Ich entschied mich für einen letzten Wurf in Richtung des Auslaufs des Pools, wo das Wasser wieder etwas mehr Geschwindigkeit aufnahm, da es durch einen engen Korridor heraus floß. 

Plötzlich streckte sich mein Vorfach und ich spürte einen guten Fisch am Ende der Schnur. Aufgrund der Fischerei mit Schonhaken bzw. widerhakenlos, bedeutet ein Biss hier allerdings noch lange keinen gelandeten Fisch. Bei diesem Exemplar gelang es mir jedoch die Schnur auf Zug zu halten und den Fisch in meine Richtung zu führen.

© Leonard Schoenberger

Zum Vorschein aus dem bräunlich schimmernden Wasser kam eine wunderbar getupfte Bachforelle von knapp 30 Zentimetern – ein großer Fisch für einen kleinen Wald- und Wiesenbach dieser Kategorie. Das besondere an dieser Fischerei ist für mich jedoch nicht die Größe der Forellen, sondern das Wissen, dass diese einem völlig wilden, selbst reproduzierenden Stamm entspringen. Viele dieser Fische haben noch nie eine Fliege gesehen. Sie sind perfekt an ihren Lebensraum angepasst und unterscheiden sich je nach Standort daher von der Zeichnung. 

© Leonard Schoenberger

Nach einer ausgiebigen Brotzeit direkt am Bach, entschied ich mich für den Nachmittag noch den Bereich flussabwärts der kleinen Holzbrücke, wo ich meinen Fischtag begonnen hatte, zu fischen. Aufgrund der wärmeren Temperaturen durch die Herbstsonne, hatte ich die Hoffnung vielleicht noch den ein oder anderen steigenden Fisch ausmachen zu können. Und tatsächlich bemerkte ich in einer langgezogenen Kurve eine Forelle, die offensichtlich Insekten von der Oberfläche nahm. 

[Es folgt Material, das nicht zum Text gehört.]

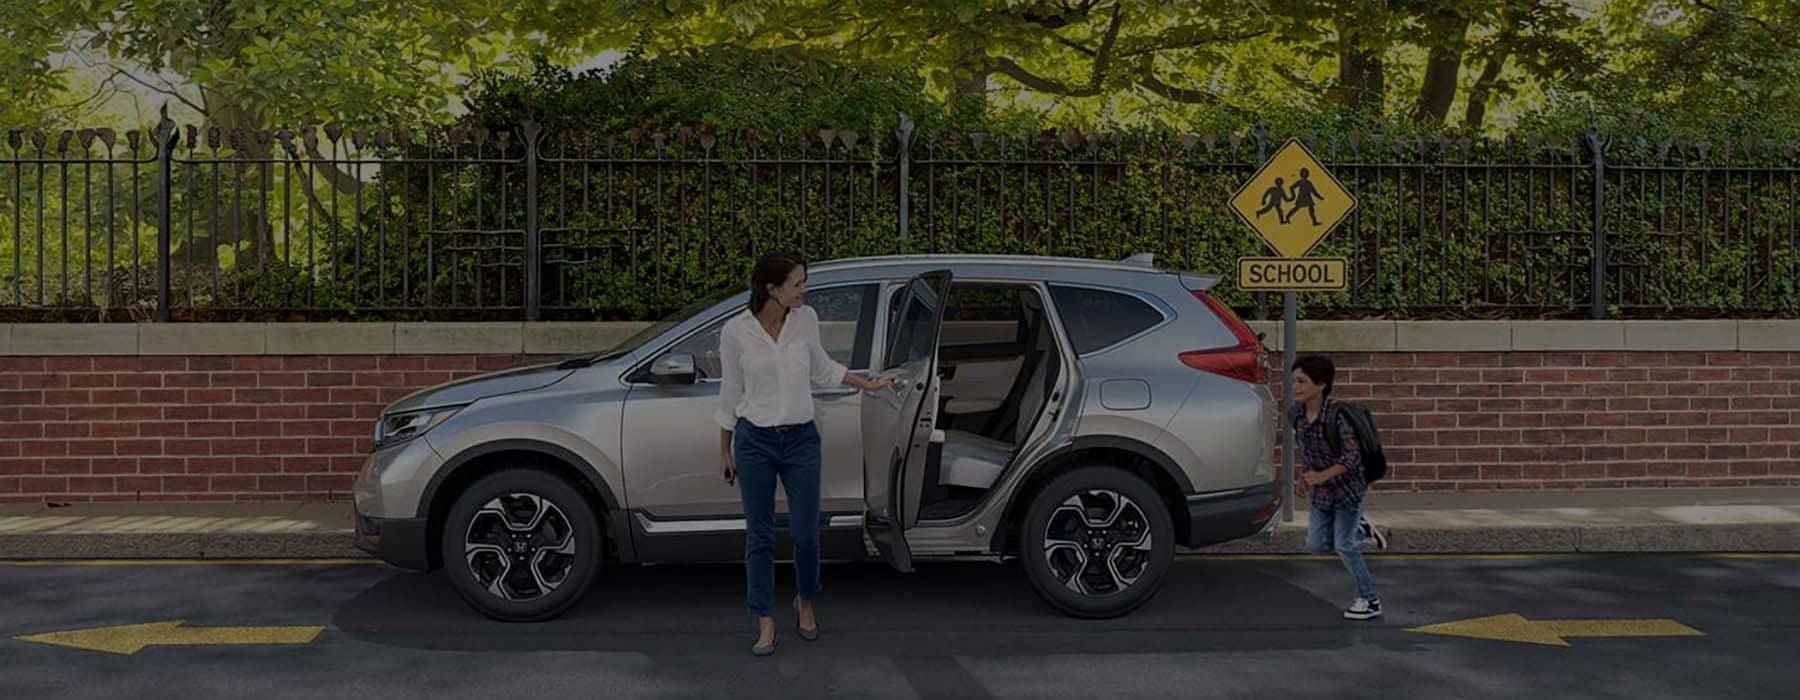 2019 Honda CR-V At School Crossing

Ich wechselte daher von meiner Goldkopfnymphe auf eine kleine Caddis Trockenfliege, die ich vorsichtig in Richtung der Stelle treiben ließ, wo ich den Fisch hatte steigen sehen. Schon bei der zweiten Drift nahm die Forelle meine Fliege. 

© Leonard Schoenberger

Ich fischte noch ein wenig weiter flussabwärts, wo sich die Ach tiefer in eine kleine Schlucht einschneidet. Auch in diesem Bereich traf ich bis auf ein Reh, das ich aufschreckte, keine Menschenseele an. Eine wunderbar einsame Fischerei in einer Urlandschaft. Mein letzter Fisch des Tages wurde eine Forelle, die ich unter einem überhängenden Ast herauskitzeln konnte. 

© Leonard Schoenberger

Um zurück zum Auto zu gelangen, musste ich aus der Schlucht herausklettern und einen Feldweg ca. 20 Minuten entlang laufen um in die Zivilisation zurück zu gelangen. 

Die Ach bei Bad Bayersoien ist ein Bach, wie man ihn sich malen würde und hat auch fischereilich meine Erwartungen voll erfüllt. Wer nur große Forellen fangen will, ist hier falsch. Wer aber eine ursprüngliche Fischerei auf wilde Bachforellen sucht und dabei die Stille und Schönheit des Voralpenlandes genießen möchte, kann mit einem Ausflug an die Ach nichts falsch machen.